The Farey Sequence Fn for any integer n with n >= 2 is the set of irreducible rational numbers a/b with 0 < a < b <= n and gcd(a,b) = 1 arranged in increasing order. The first few are
F2 = {1/2}
F3 = {1/3, 1/2, 2/3}
F4 = {1/4, 1/3, 1/2, 2/3, 3/4}
F5 = {1/5, 1/4, 1/3, 2/5, 1/2, 3/5, 2/3, 3/4, 4/5}
You task is to calculate the number of terms in the Farey sequence Fn.
Input
There are several test cases.
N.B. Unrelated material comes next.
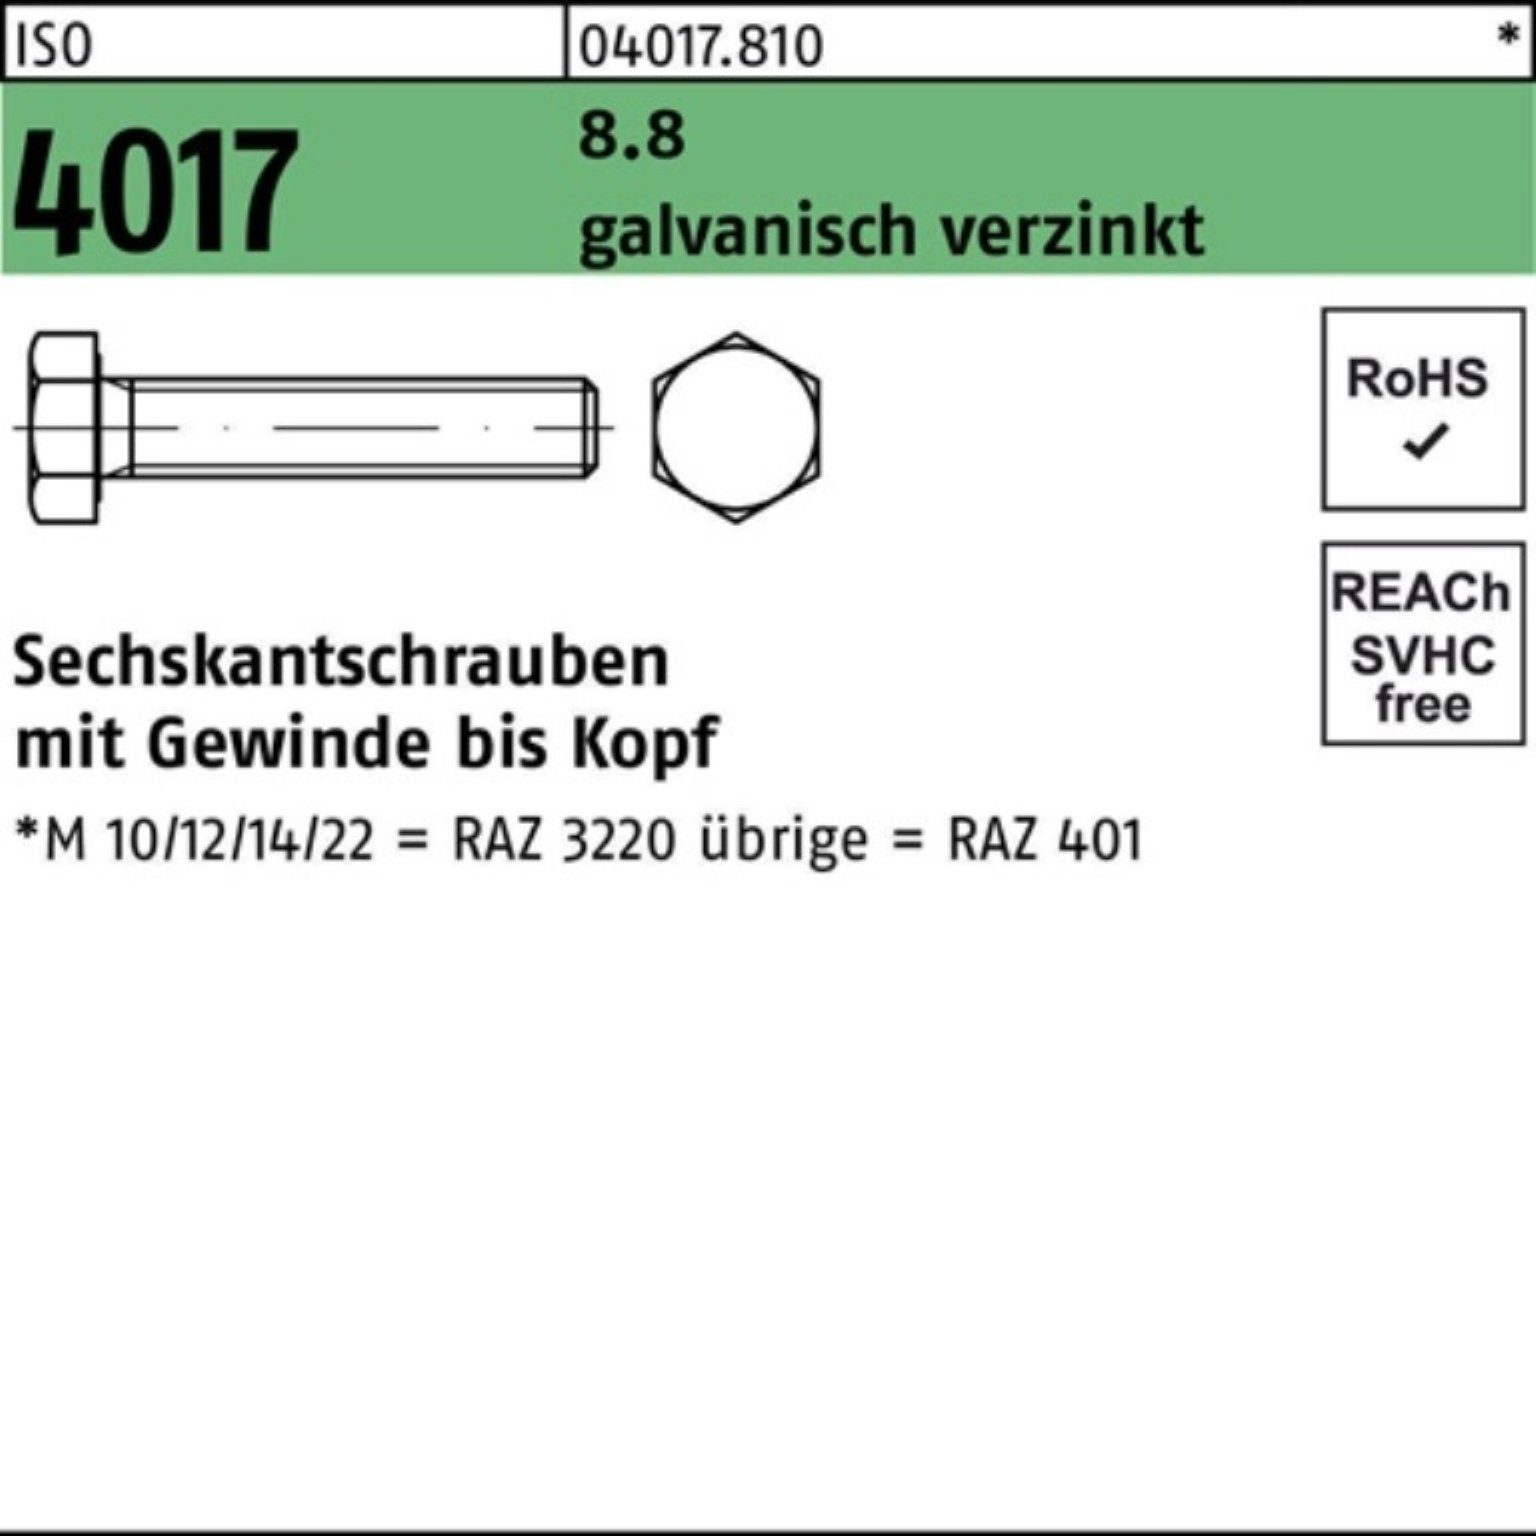 Bufab Sechskantschraube 100er Pack VG 25 8.8 ISO St Sechskantschraube 4017 galv.verz. 50 M22x

Each test case has only one line, which contains a positive integer n (2 <= n <= 10 6). There are no blank lines between cases. A line with a single 0 terminates the input.
Output
For each test case, you should output one line, which contains N(n) ---- the number of terms in the Farey sequence Fn.
Sample Input
2 3 4 5 0
Sample Output
1 3 5 9
典型的欧拉函数问题,你在打表的时候最后累加打表一下,就行了。
#include<stdio.h>
#include<string.h>
#define N 1000010
long long int a[N];
void cn()
{
a[1]=1;
for(int i=2; i<N; i++)
a[i]=i;
for(int i=2; i<N; i++)
if(a[i]==i)
for(int j=i; j<N; j+=i)
a[j]=a[j]/i*(i-1);
for(int i=3; i<N; i++)
a[i]+=a[i-1];
}
int main()
{
cn();
int z;
while(~scanf("%d",&z)&&z)
{
printf("%lld\n",a[z]);
}
return 0;
}